Tuesday, July 5, 2016

Forks Over Knives, Feet Over Pedals

A crisp, bright morning; so fresh and bright that you can’t help but take a big breath in, outstretch your arms and greet the morning with a gusto that you don’t normally have when the alarm goes off at 6am on a weekday.  

This is why I live for the weekends.  This is why I ride.

This past weekend I chose to live for the weekend in Hudson Valley NY for a 56 mile destination ride.  The Farm to Fork Fondo.  A beautiful marriage of my appreciation for food from the ground and the blissful challenge of conquering miles and miles of rolling hills and beautiful scenery on two wheels.

The Farm to Fork Fondo is held in a handful of locations in New England.  It’s an organized ride where all the rest stops are at local farms who hand prepare special treats for you to enjoy using their crops’ ingredients.  This one was held at a Pennings Farm and cidery in Warwick, NY.

The scenery was breath taking.  Parts reminded me of Arkansas and the early morning 30 mile rides I used to take by myself every Saturday where I’d get out of town, come home exhausted and then shuffle up to the farmers market with my roommate for some fresh finds.  Only this ride combined the two into one.

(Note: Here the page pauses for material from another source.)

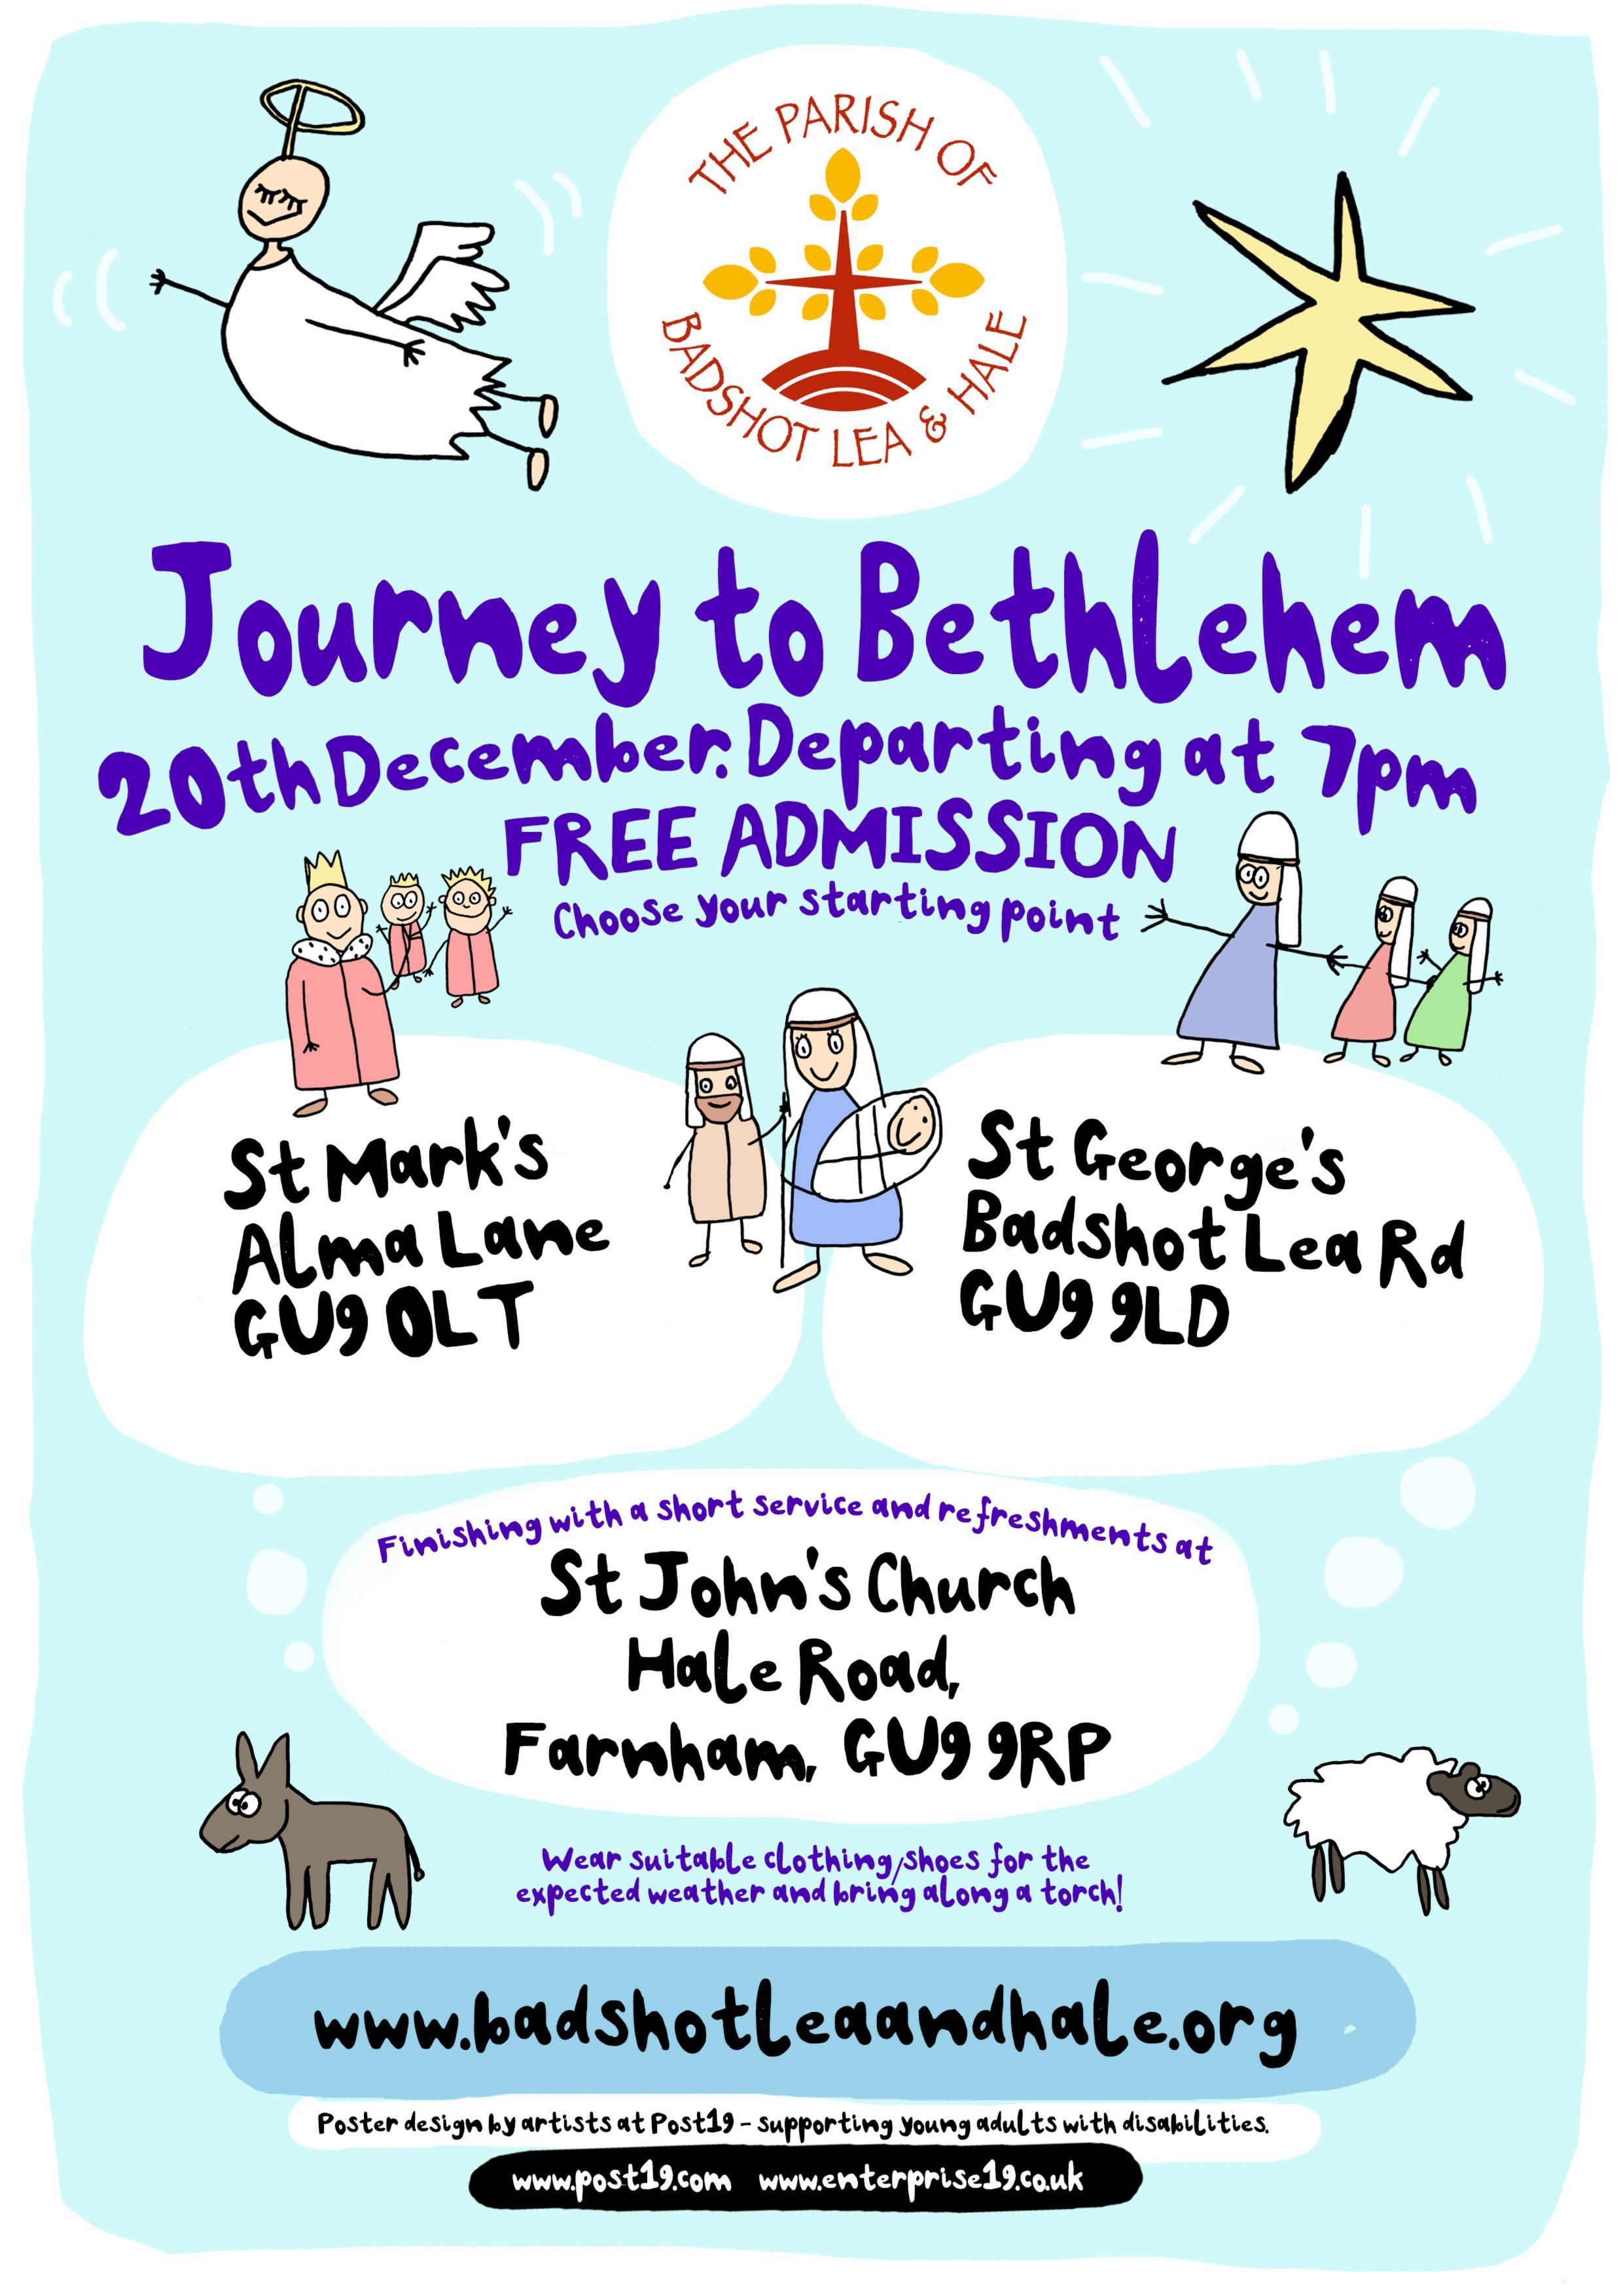 Journey to Bethlehem front

Brilliant! 

At the start, off we went in a pack of 500, boosted along by the prospect of sticking with the pack and using the energy and draft of the group to get over those first jutting and challenging hills.  But after a while somehow the pack always spreads out and often times you find yourself completely isolated on the quiet farm land roads.  

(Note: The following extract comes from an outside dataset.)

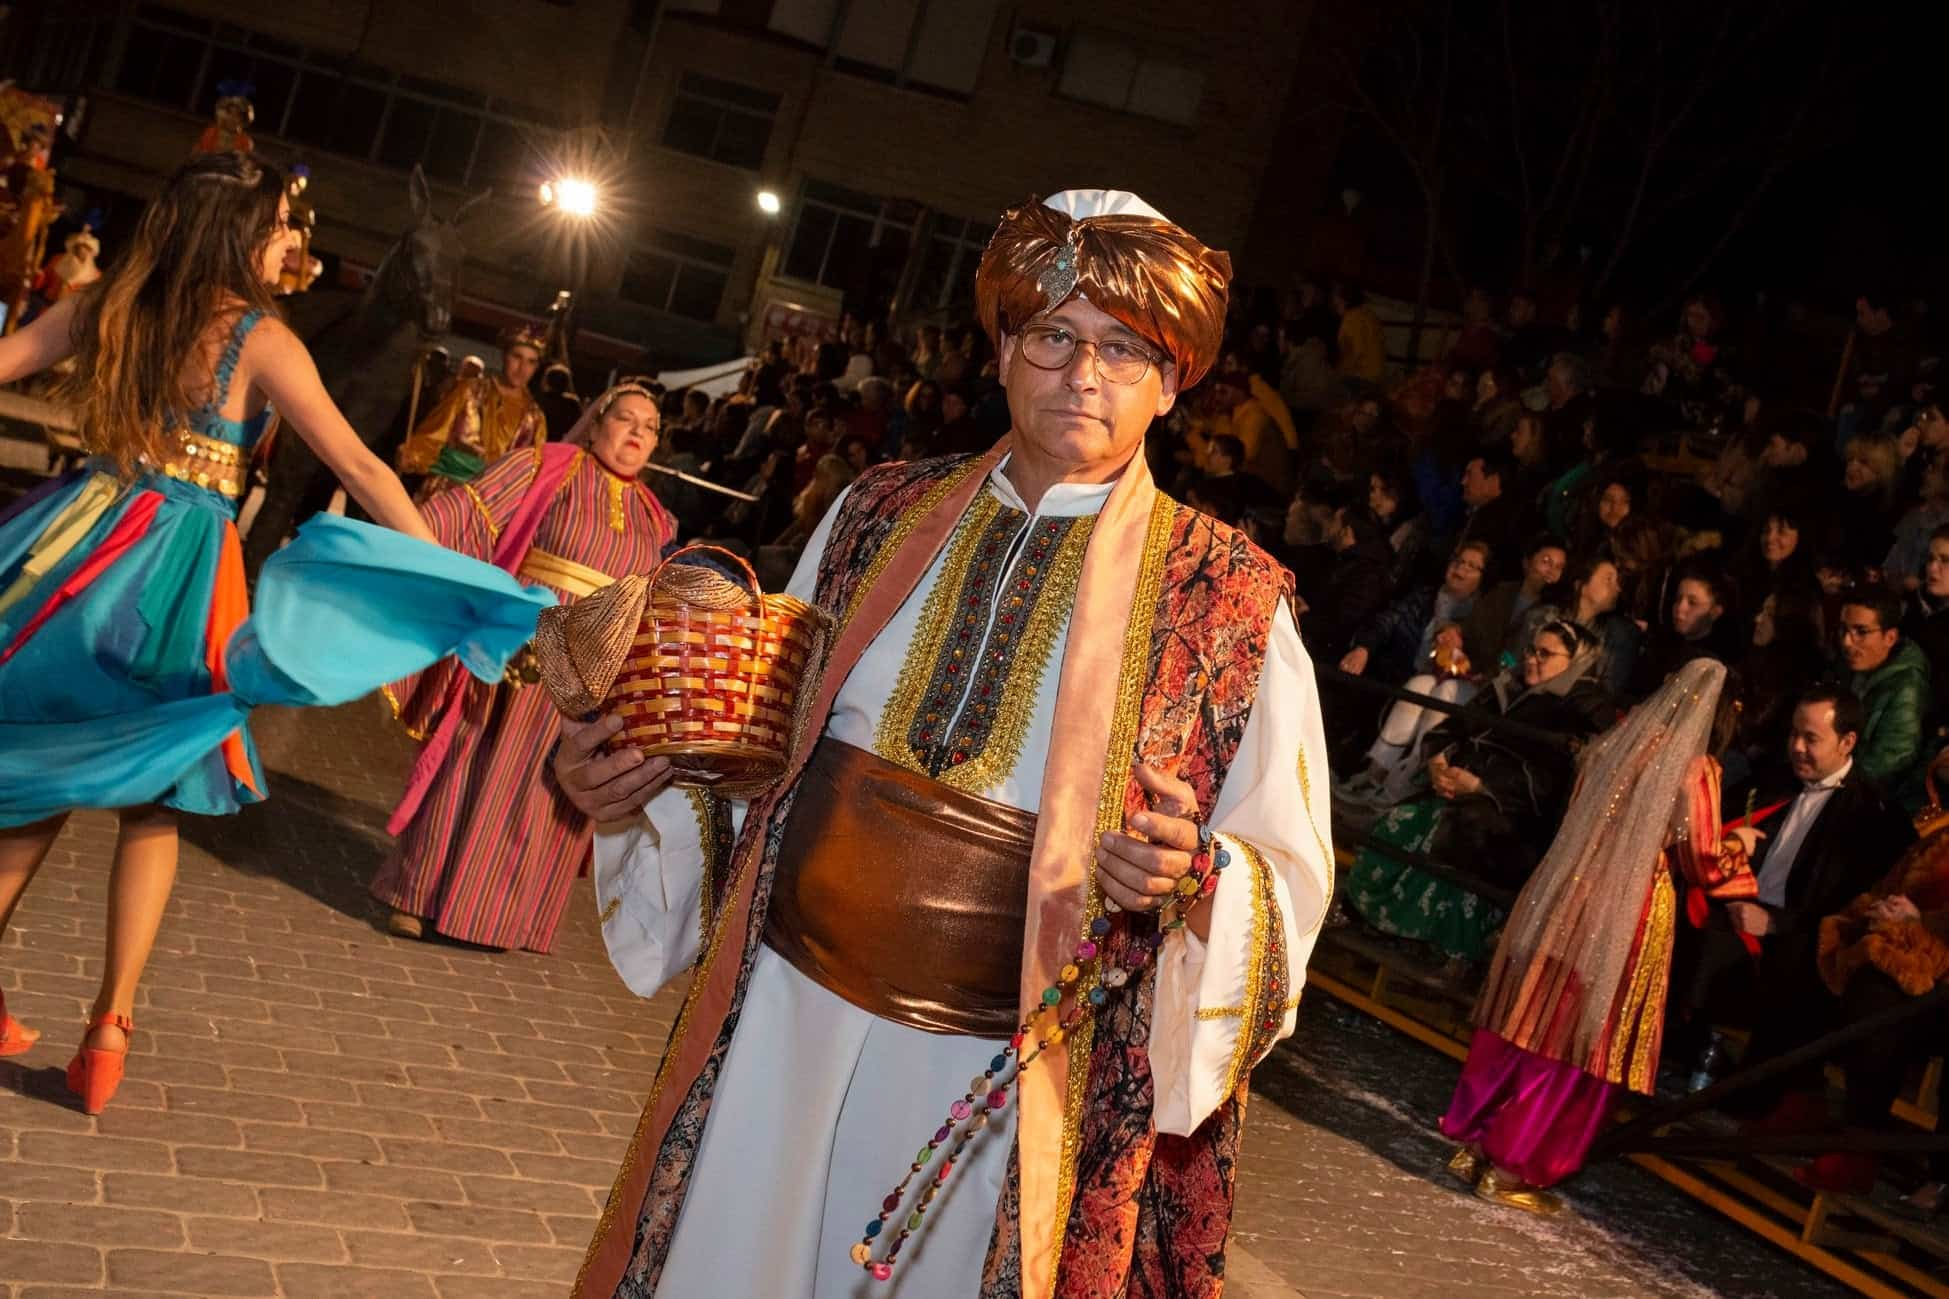 Carnaval de herencia 2020 ofertorio 30 - Selección de fotografías del Ofertorio del Carnaval de Herencia

The first 15 miles were a quick 15.6 mph pace.  I realized right away I didn't lube my bike fully (rookie mistake).  That would hurt me and my pace in the long run.   The first stop was a small shaded farm on a hillside down a quiet dirt road.  They were boisterous and excited, handing out apple and strawberry turnovers, claiming they were “so fresh they could talk back to you”.   

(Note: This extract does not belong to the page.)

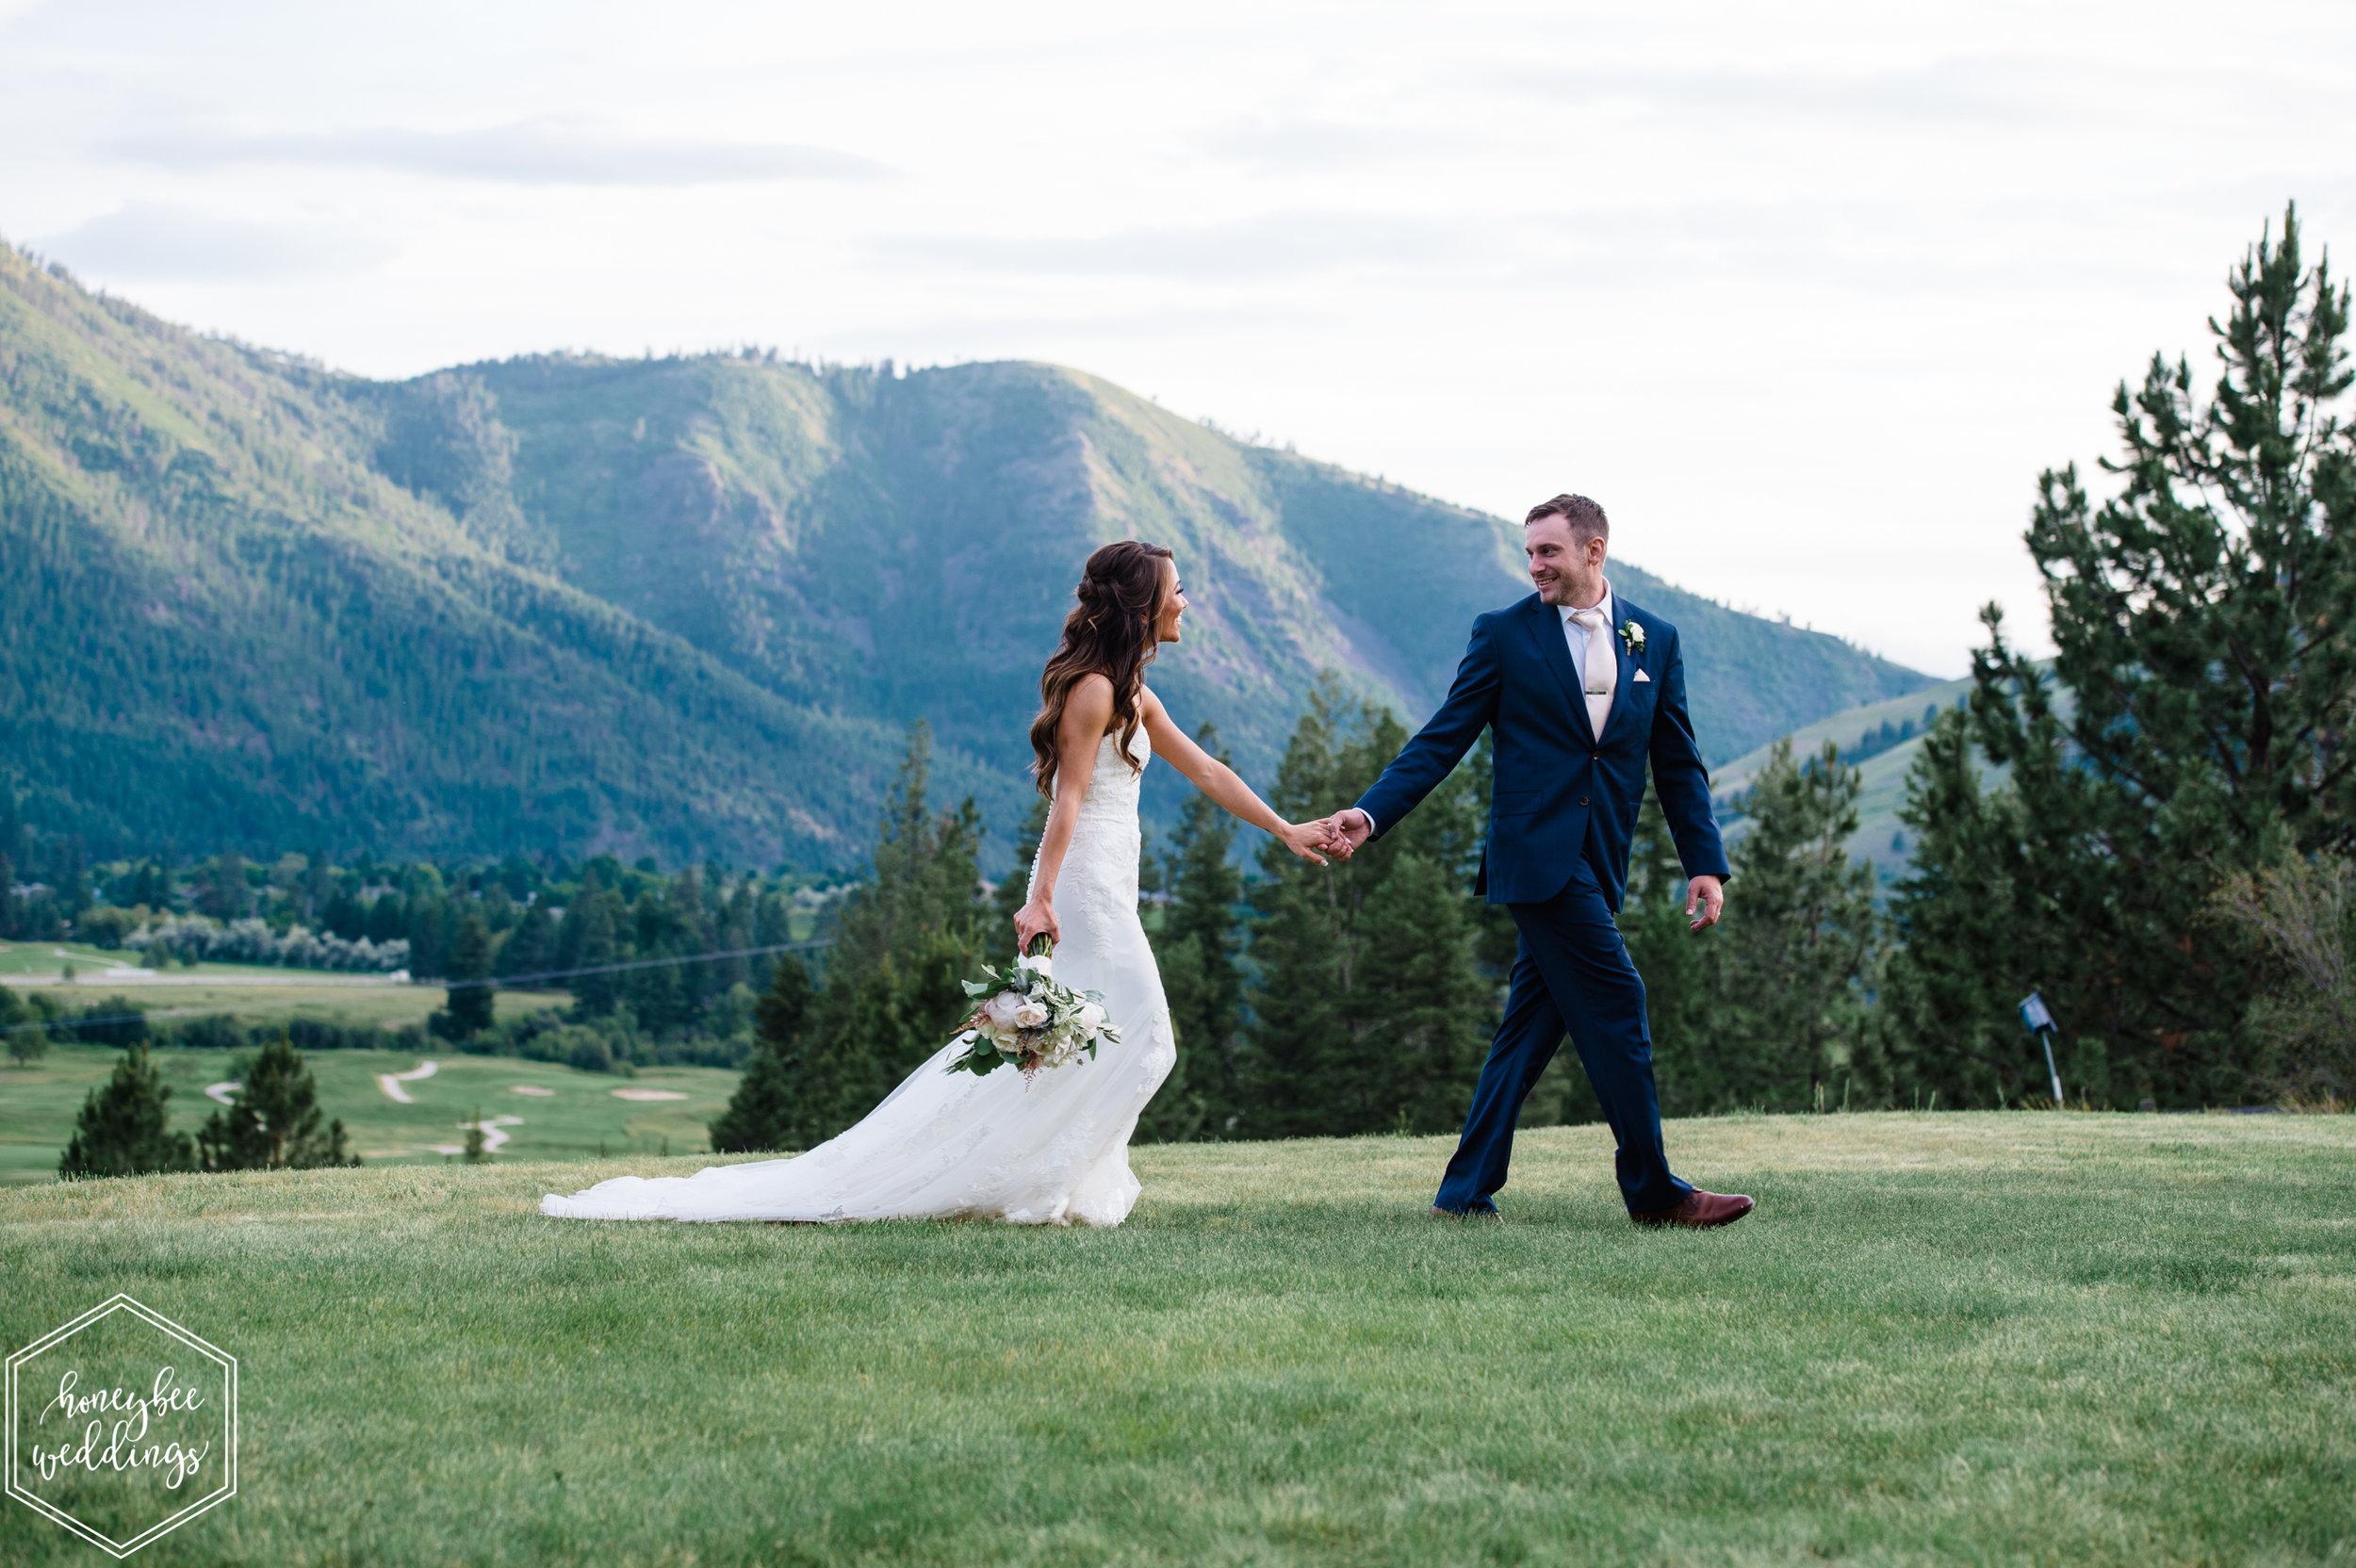 335Montana Wedding Photographer_Missoula Wedding_Honeybee Weddings_Devlin & Jacob_June 22, 2019-1230.jpg

 On down the road another 15 miles, pace dropping a bit, we stopped at an apple farm.  They served straight up apples and peanut butter, apple cakes and crumbles.  I am told they were delicious but I couldn’t stomach the desserty stuff, I stuck to the fresh apples & PB.  Amazing!

Just a quick 5 miles later we stopped at a creamery. So glad they weren't serving milk and ice cream on a hot day.  They were serving pizza and crackers with a fresh block of cheese that looked like a butternut squash.  

Another 8-10 miles, one big climb up Mt. Eve and arrived at a winery.  They had mini quiches and samples of local alcoholic cider.  The best part was a little girl handing out rags that were soaked in ice water..ahhhh..

The last and final stop was a local market and garden center serving apple cider doughnuts and strawberry rhubarb pie.   James enjoyed it J

The last and final stop was about 7-8 miles from the end (SO NOT THE 5 MILES they advertised when we were leaving the rest stop)  I was exhausted, bonking, ready to be done, getting hangry.   Once I crossed the line I immediately was happy again.  I got my cowbell medal and slowly carried my bike up the hill and headed straight for celebratory fresh cider and a plate full of goodies. 

The long drive home had me nodding off and on.  A long day in the sun and a nice glass of cider will do that to you.   But I will finish by saying this:  I do have a renewed appreciation for the simple yet challenging life of farmers.  We don’t often think of where our food comes from, but when you put smiling faces to it and taste the creations they produce (especially when they are well earned creations) it’s really hard to venture too far from the local produce aisle..though I still do J.    
Till we meet again – story time is over.